FIG. 1 is a sectional view showing an initial stage of a manufacturing process according to a first embodiment.

FIG. 2 is a cross-sectional view showing an intermediate stage of a manufacturing process according to the first embodiment.

FIG. 3 is a sectional view showing a final stage of the manufacturing process according to the first embodiment.

FIG. 4 is a perspective view of a corrugated sheet manufactured by the manufacturing process of the first embodiment.

FIG. 5 is a cross-sectional view illustrating an initial stage of a manufacturing process according to a second embodiment.

FIG. 6 is a sectional view showing the final stage of the manufacturing process according to the second embodiment.

FIG. 7 is a cross-sectional view of a corrugated sheet manufactured by the manufacturing process according to the second embodiment.

FIG. 8 is a cross-sectional view showing an initial stage of a manufacturing process according to a third embodiment.

FIG. 9 is a cross-sectional view showing an intermediate stage of a manufacturing process according to the third embodiment.

FIG. 10 is a sectional view showing the final stage of the manufacturing process according to the third embodiment.

FIG. 11 is a cross-sectional view of a corrugated sheet manufactured by the manufacturing process according to the third embodiment.

FIG. 12 is a sectional view of a catalyst support.

[Explanation of symbols]

1 ... flat plate, 2, 4, 7 ... male type, 3, 5, 8, ...
・ Female type, 6 ・ ・ ・ Core, 10 ・ ・ ・ Corrugated plate, 21, 71 ・
..Central convex portions, 22, 72, 73 ... both side convex portions, 2
3, 74, 75 ... pressing means, 31, 81 ... central concave part, 32, 82, 83 ... both side concave parts

Continued on the front page (51) Int.Cl. ⁷ Identification symbol FI Theme coat II (reference) B21D 13/02 F01N 3/28 301P F01N 3/28 301 B21D 53/84 B // B21D 53/84 B01D 53/36 ZABC F term (reference) 3G091 AA02 AA03 AB01 BA07 BA39 GA06 GB01X GB01Z 4D048 BA39X BB04 CA01 4E003 AA01 CA03 4E063 AA01 CA09 DA01 DA02 JA06 MA18 4G069 AA01 AA08 BA17 CA03 EA12 FB75

Claims (6)

[Claims] 1. A center wave portion forming step of forming a center wave portion at the center of a flat plate, and a side wave portion forming step of forming side wave portions on both sides of the center wave portion while holding the center wave portion.
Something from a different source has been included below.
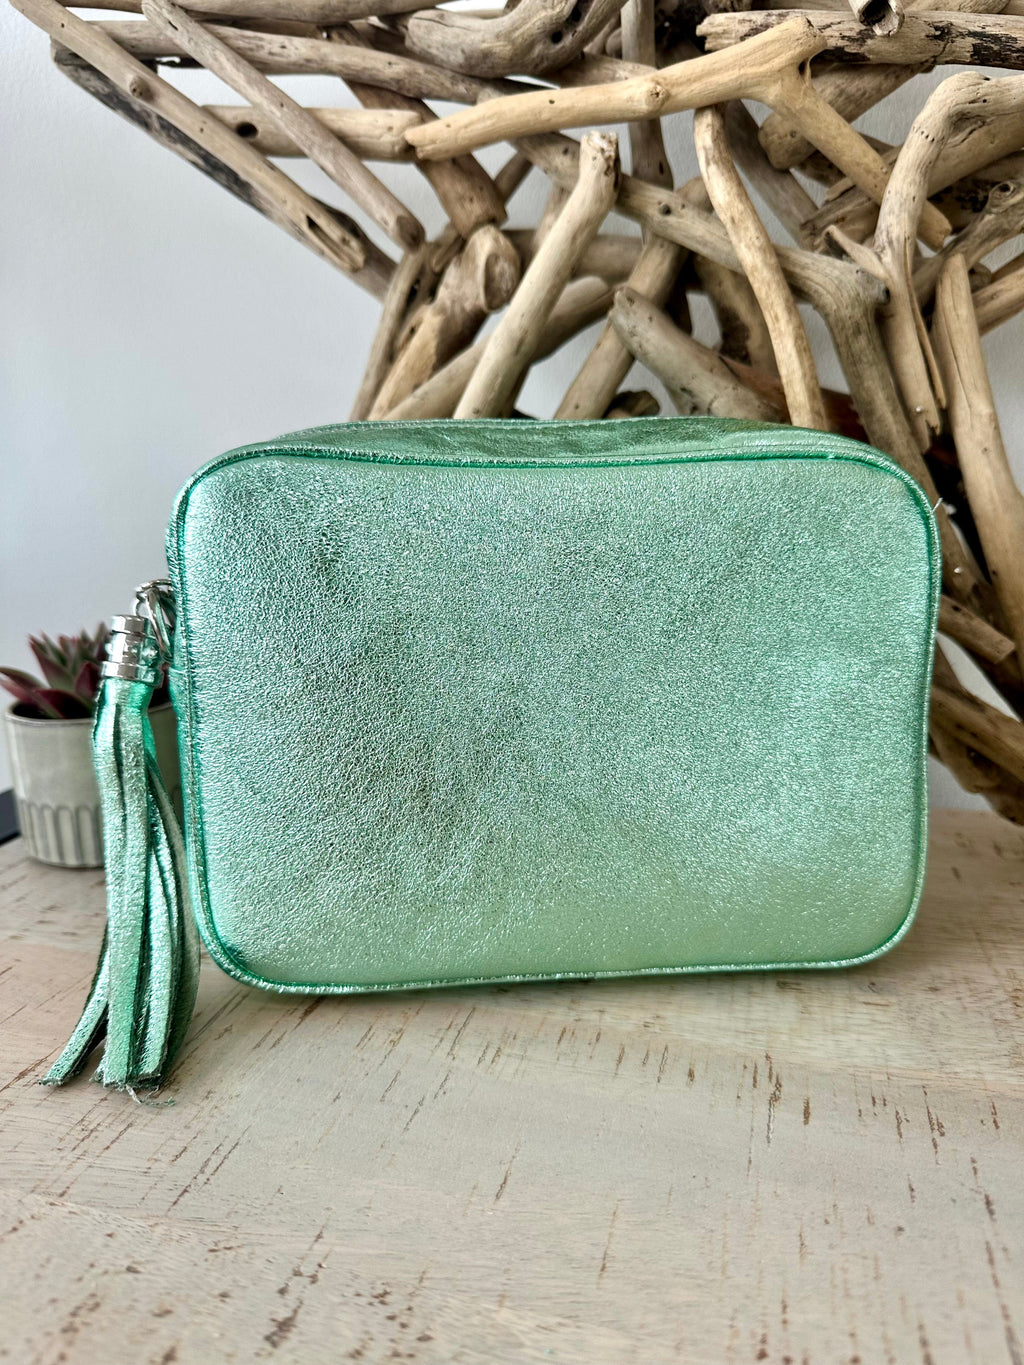 lusciousscarves Metallic Mint Green Italian Leather Camera Bag Style Crossbody Bag

A method for producing a corrugated sheet, comprising: 2. The step of forming a central corrugated portion includes the step of placing a flat plate on the central concave portion of a wavy female shape so that the center thereof coincides with the central concave portion of the female shape. 2. The method of manufacturing a corrugated sheet according to claim 1, comprising the step of: 3. The corrugated sheet according to claim 1, wherein the step of forming the side wave portion is a step of press-fitting both side convex portions of the male central convex portion into both side concave portions of the female central concave portion. Production method. 4. The method of manufacturing a corrugated sheet according to claim 2, wherein said male mold has an upper end portion of said central convex portion pivotally connected to a central groove portion of said both convex portions via a pressing means. Method. 5. A process for forming a rough corrugated plate, wherein a rod-shaped core is inserted into a concave portion of the formed rough corrugated plate, and a corrugated portion is pressed in a direction in which the corrugated portions are overlapped with the core inserted to correct the corrugated plate. A method for producing a corrugated sheet. 6. The corrugated sheet according to claim 5, wherein the correcting step is a step of pressing the corrugated portions in a direction in which the corrugated portions overlap with each other by using a mold that forms a cylindrical cavity when the female mold and the male mold are closed. Production method.